Simanowski über Künstliche Paradiese

Roberto Simanowski

Schüler erschießt Lehrer.
Sind die Medien schuld?

Holger Krapp und Thomas Wägenbaur (Hgg.):
Künstliche Paradiese - Virtuelle Realitäten.
Künstliche Räume in Literatur-, Sozial- und Naturwissenschaften.
München: Fink 1997. 308 S. Kart. DM 58,-.
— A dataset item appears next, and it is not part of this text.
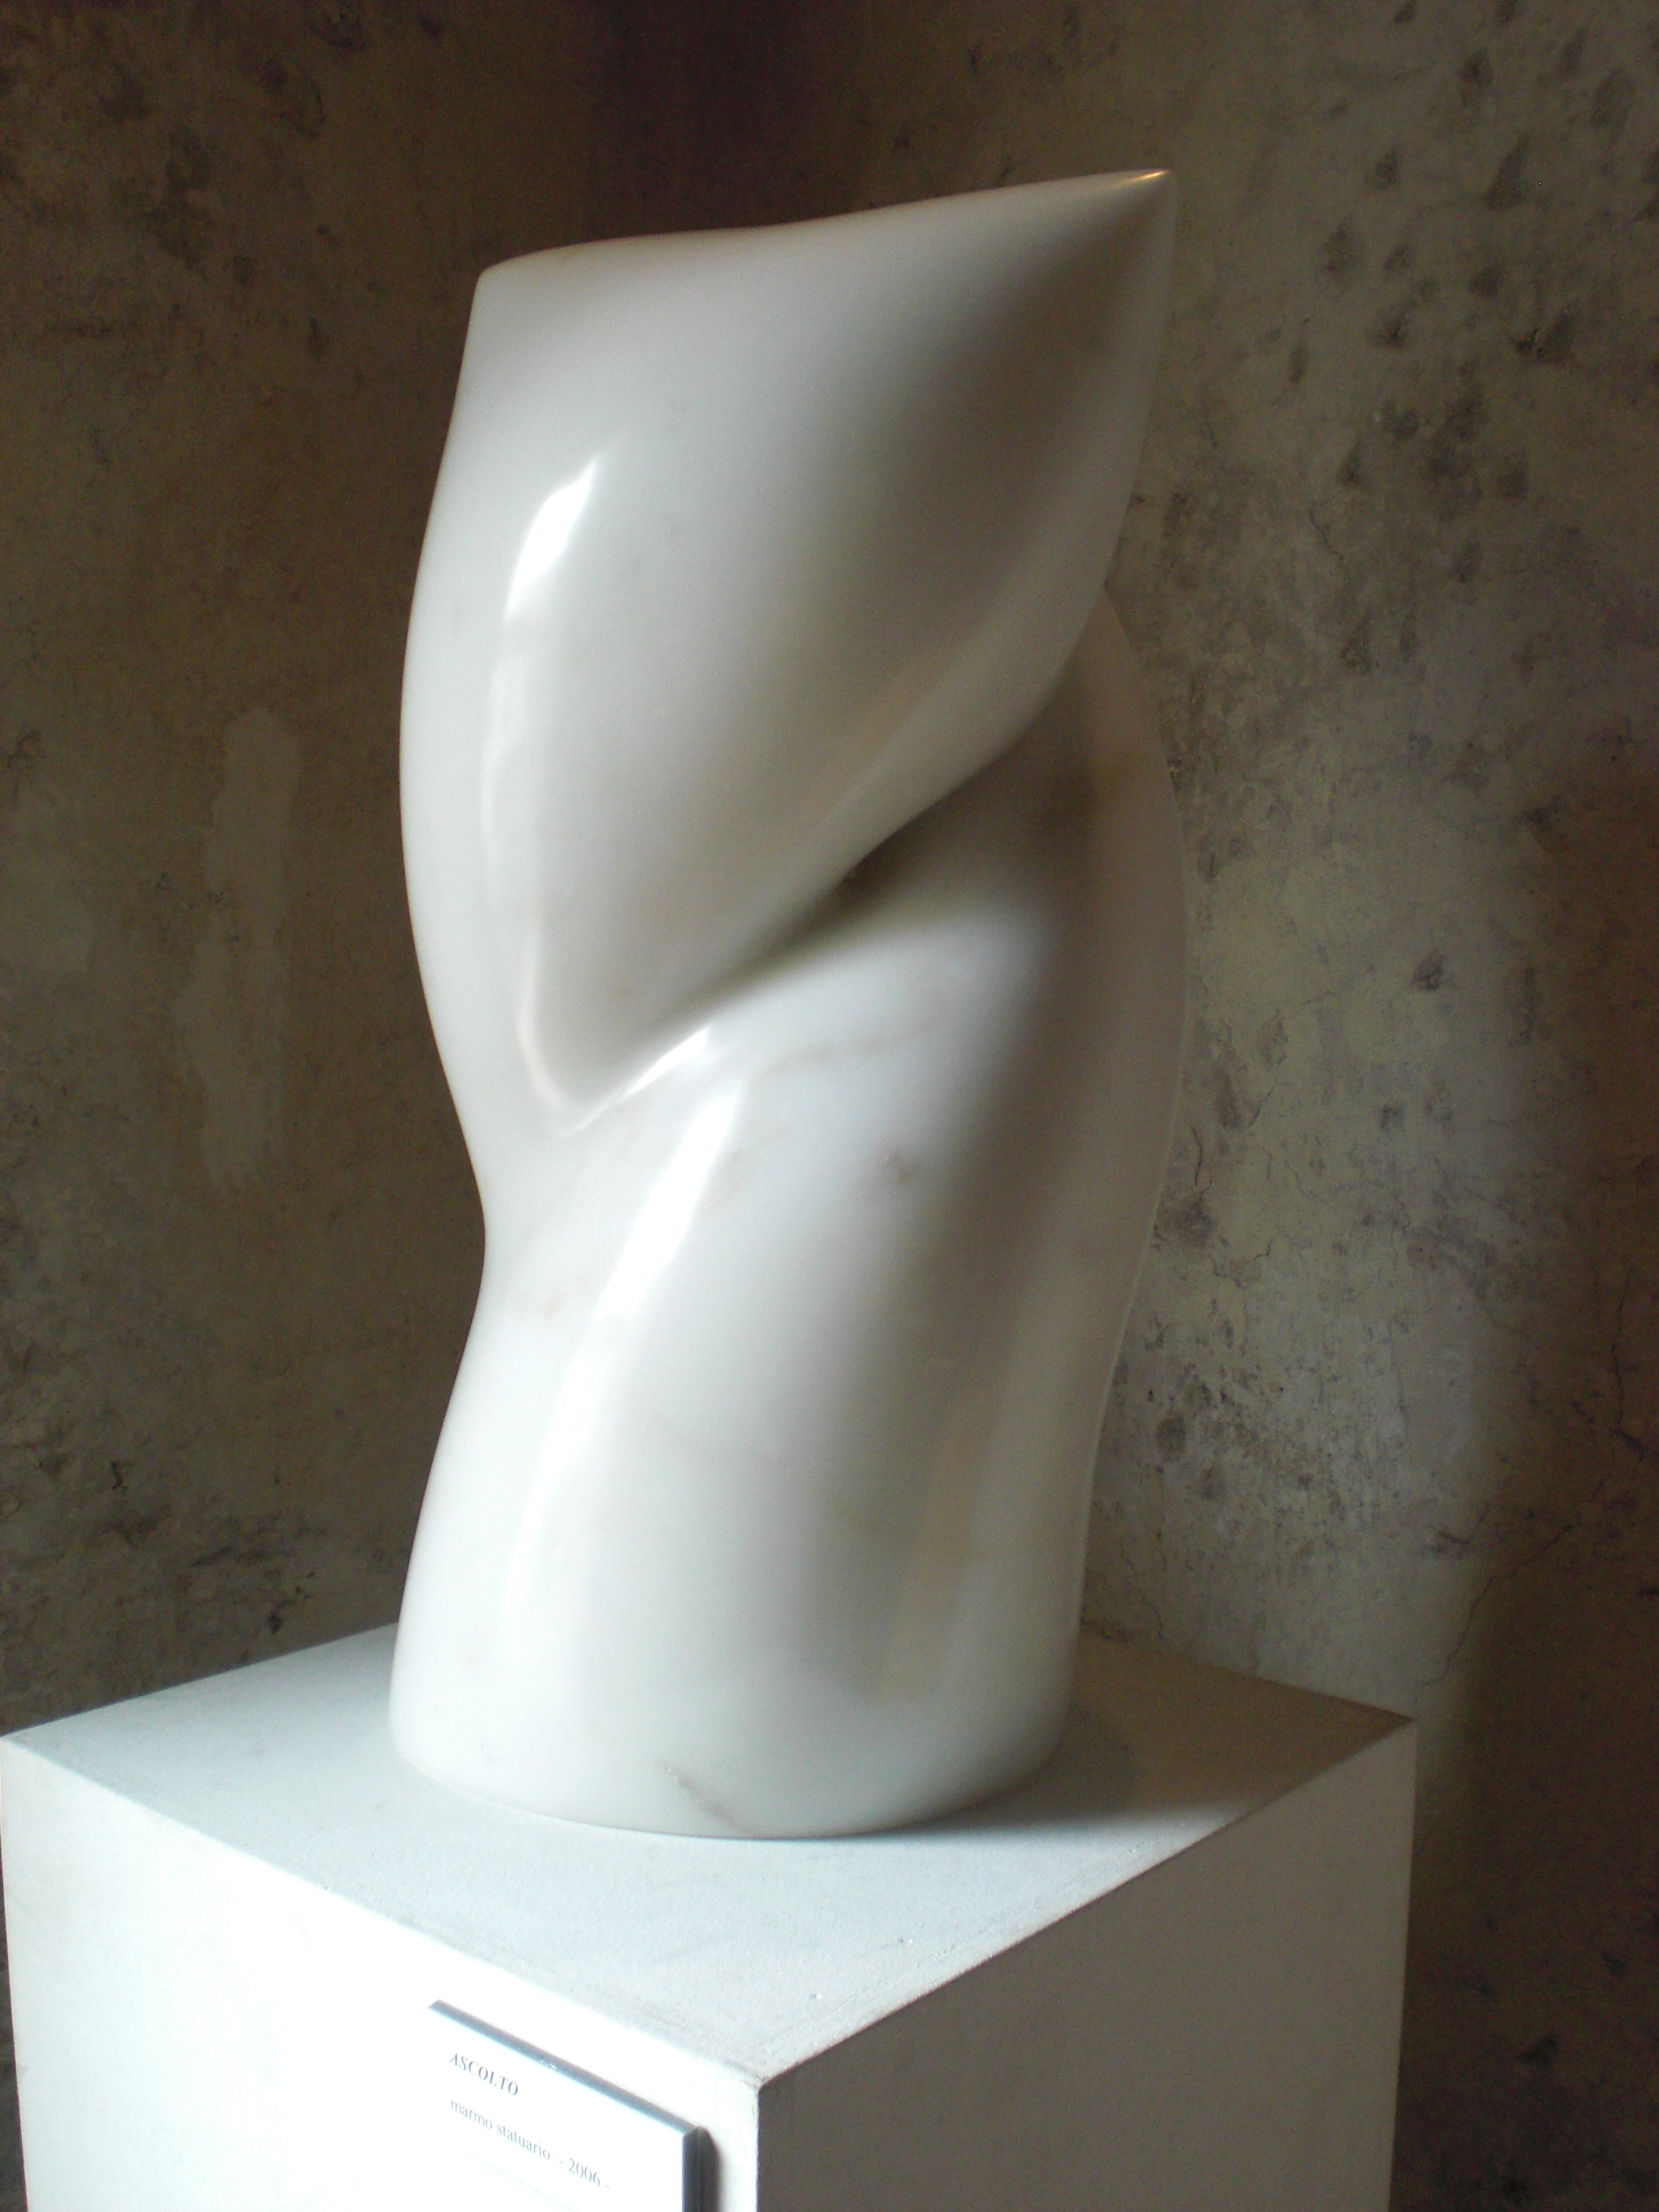 Ascolto - h 36 cm  statuario marble 2007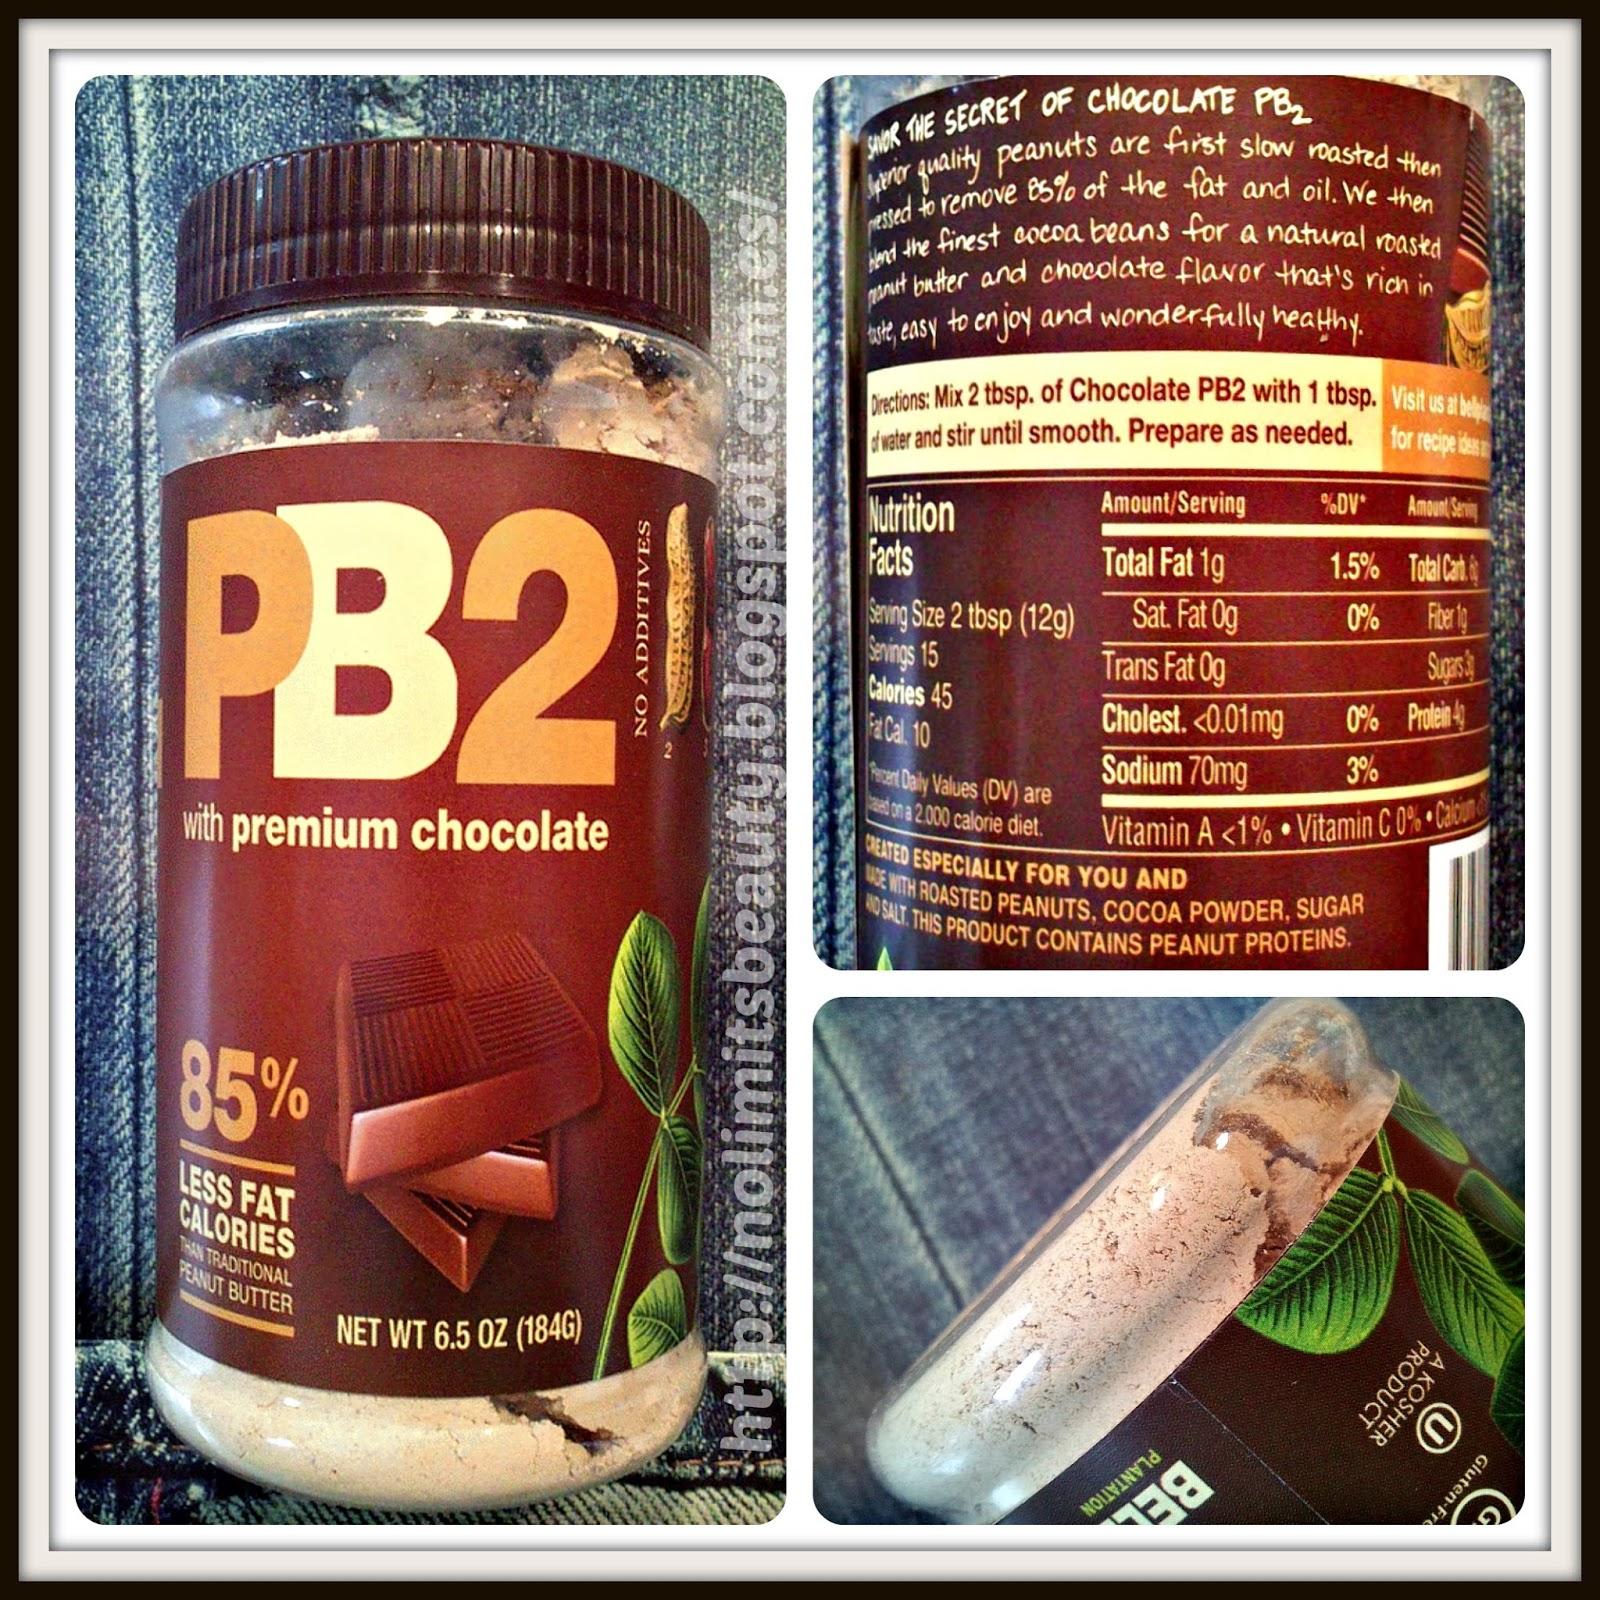 iHerb - PB2 with premium chocolate

Immer wenn in den USA ein Schüler seinen Lehrer erschießt, um sich für schlechte Noten und anderes >Unrecht< zu rächen, erneuern die Medien ihren Diskurs über sich selbst. Brutalisiert die Brutalität in den Medien die Gesellschaft? Das liegt auf der Hand, sagen die einen und fordern eine stärkere Zensur dessen, was als virtuelle Welt angeboten wird, denn die Unmenge an Gewaltszenen liefere dem Publikum ein falsches Bild über die adäquaten Wege, Probleme zu lösen. Dies bestreiten die anderen als längst widerlegte These vom passiven Rezipienten: ein Zuschauer wisse, daß er Zuschauer ist, er nimmt den Film nicht als Spiegel der Wirklichkeit, er ist, wie psychologische Untersuchungen zeigen, keineswegs das wehrlose Opfer einer Infiltrationsmaschinerie. 1

Diese Ansicht findet theoretische Rückendeckung beim Konstruktivismus, wonach "Verstehen" von Texten (oder Bildern) sich nicht als "Bedeutungs->Entnahme<, sondern von Anfang an als Bedeutungs-Zuschreibung" vollzieht, 2 Aussagen über die Wirkung des Textes also nicht von diesem her gemacht werden können. Das berührt auch die Frage der Stimulations- oder Kompensationswirkung von Gewaltdarstellungen. Aus konstruktivistischer Perspektive wirken Gewaltdarstellungen im Fernsehen "in jeder nur denkbaren Richtung":
Der gleiche Film kann abstoßend, anregend oder relativ neutral wirken – je nach Persönlichkeit des jeweiligen Zuschauers
"Hauptsächlich entscheidend sind die eigenen Konstruktionsleistungen". 3 Dieser Einspruch gegen die Unterstellung eines einlinigen Wirkungsmodell folgt der Auffassung, daß Realität gemäß dem kognitiven Referenzrahmen des Betrachters konstruiert wird. Nicht die >äußeren< Stimuli, sondern die >inneren< Pläne bestimmen menschliches Verhalten; der Konstruktivismus spricht von Konstruktionen des Gehirns.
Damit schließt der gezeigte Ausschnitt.